Yeah. I mean it goes back to literature. Reading too many books will cause women's heads to get too hot and they won't be able to think anymore. So, there's always been some kind of fear that media and access to media is bad. Now, that is not to say that it doesn't do something. I'm very much in the view that media always does something. It does something to thinking. But it isn't necessarily, you can't really evaluate it as purely good or bad.
Now, there's two things that I do want to say that don't necessarily come directly from that, is if you think about on one hand, and this... Paul, when you were mentioning children and how do we protect children's rights when it comes to the people who want to buy TikTok, and use it to attempt to protect the privacy and rights of children, it is pretty clear that almost all forms of social media rely on the accumulation of personal data.
And so, when it comes to something about policy related to social media platforms, thinking about individual's rights to privacy and what kinds of data are being taken, extracted from individuals using it, just in terms of how the platform works. I mean, it should be anyone using any platform should be able to know what data is actually being taken from them and should have some control over that. And I think it's like this is very much in line with a range of things, especially European discussions about say, the right to be forgotten and other rights to your own personal data, the ability to access that. And I think that that is always a good idea. People should know what data is being accumulated about them, have some level of control over that, have some level of the ability to delete it or manage it in some form or another.
And I think that's especially the case when it comes to people that are not legal adults, legal persons under the eye of the law. How do we actually protect that? The other thing is even within that, when it comes to how do we actually... the other thing, and this comes from what Katherine and I have been talking about to some degree the entire time, is how do we actually think of the work that say, influencers and other people that rely on platforms, that this is a form of labor? This is something that there deserves to be labor protections and there deserves to be some sort of ability to grasp this is work. And you shouldn't necessarily just be this corporatized individual who is in fact multimillionaire, who owns literal infrastructure, that that is, you have to get to that level to actually have some sort of security. That shouldn't be the case.
And so, how do we recognize this this is a form of labor? These people are reliant on platforms and therefore, they should have, again, some access to knowing how the platforms work, especially when, again, some of the examples that we've mentioned are The Try Guys are creating their own platform. Again, the [inaudible 01:22:16] on not totally, but creating their own platform basically because they do not know how YouTube actually is manipulating attention and leading people to their videos or not. There should be some more transparency about that. And that might be some way forward, is how do the people actually using these platforms understand how videos get seen or not seen? And maybe we can breathe this. This is perhaps one of the things that has to do with the purchase or sale of TikTok, is there is an acknowledgement that there's a massive amount of data there. And we can say that that data being of value means that hopefully, if it is forced to be sold, gets in the hands of somebody who will hopefully use it for some sort of socially positive reasons, as opposed to say selling it to Oracle.

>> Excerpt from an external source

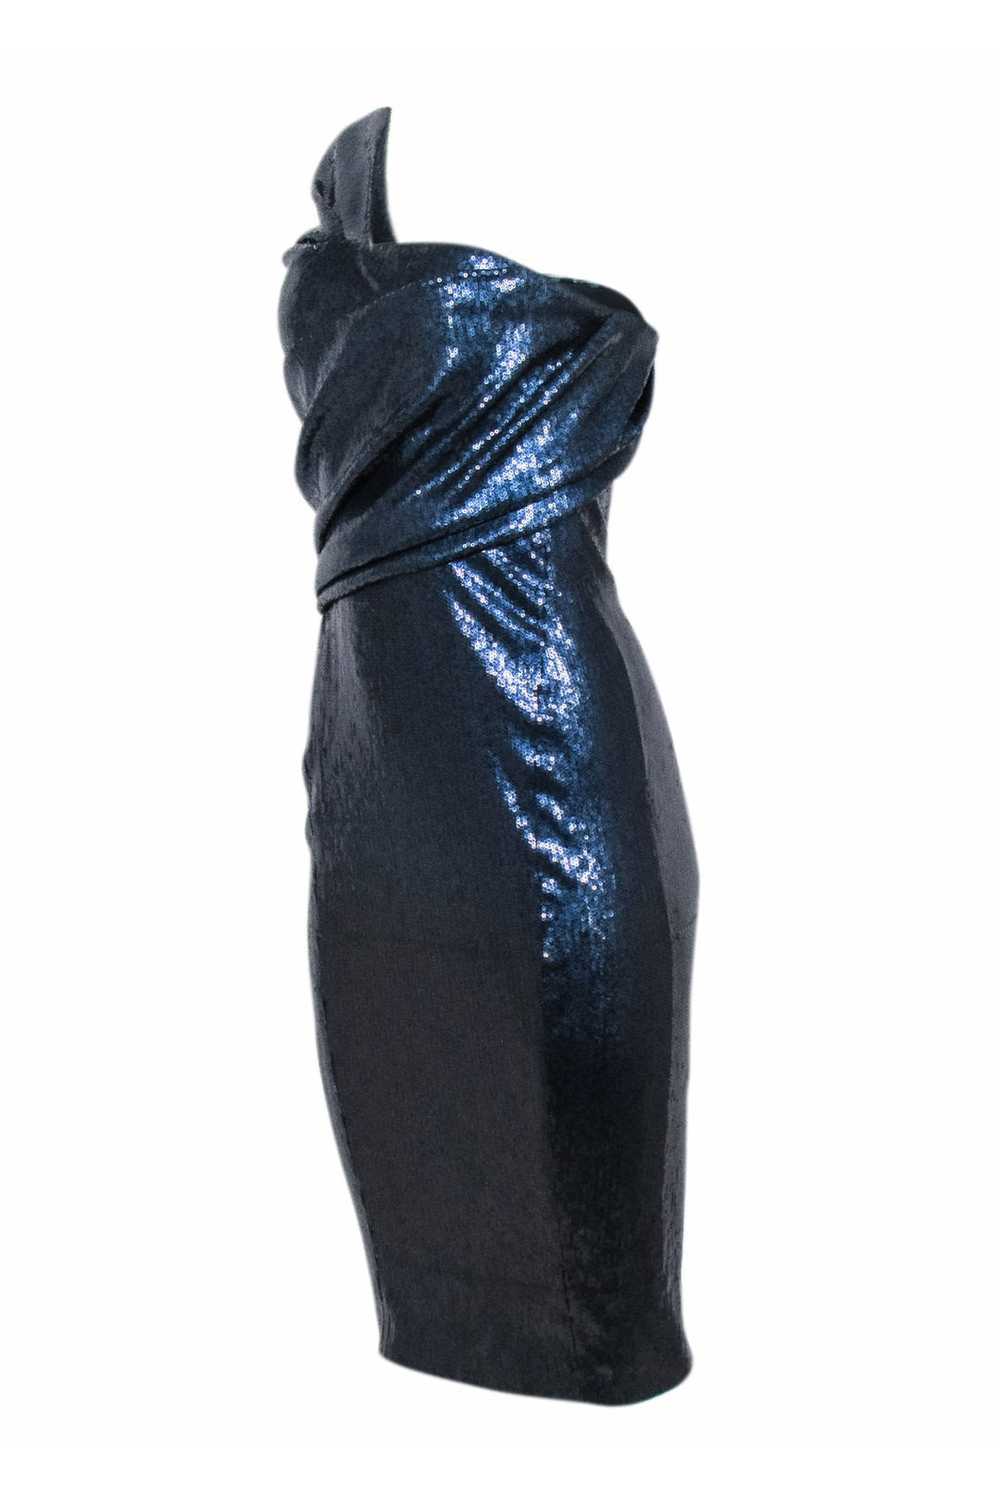 Donna Karan - Navy Sequins One Shoulder Dress Sz 6 - image 3

I know earlier, there was discussions of Oracle buying TikTok, and that was from a while ago from one of the first times it was like, oh, we're going to force the sale of TikTok. But I mean Oracle, one of the reasons was because there's links between Oracle and the CIA. And so, if it comes to who actually manages and owns this data, what's the purpose that they're using this data for? How is that actually going to be deployed? Because anything that we use on the internet, it does know a lot about us. Now, there's debates of how well it knows anything about us because the more data that gets accumulated, the more difficult it is to actually say anything meaningful about a person, I feel. But that data is out there and it is going to be making decisions about us, what we see, how we interact with other people.
And I think when it comes to AI, that data is also going to be used to train AI inevitably. And so, I think those are probably the concerns for, in terms of saying policy recommendations, it is to know that influencers are part of that space and recognizing influencer labor as labor, is also making a statement about how data gets used, and how data is regulated, and how these corporations that have access to this data are allowed to analyze it or not.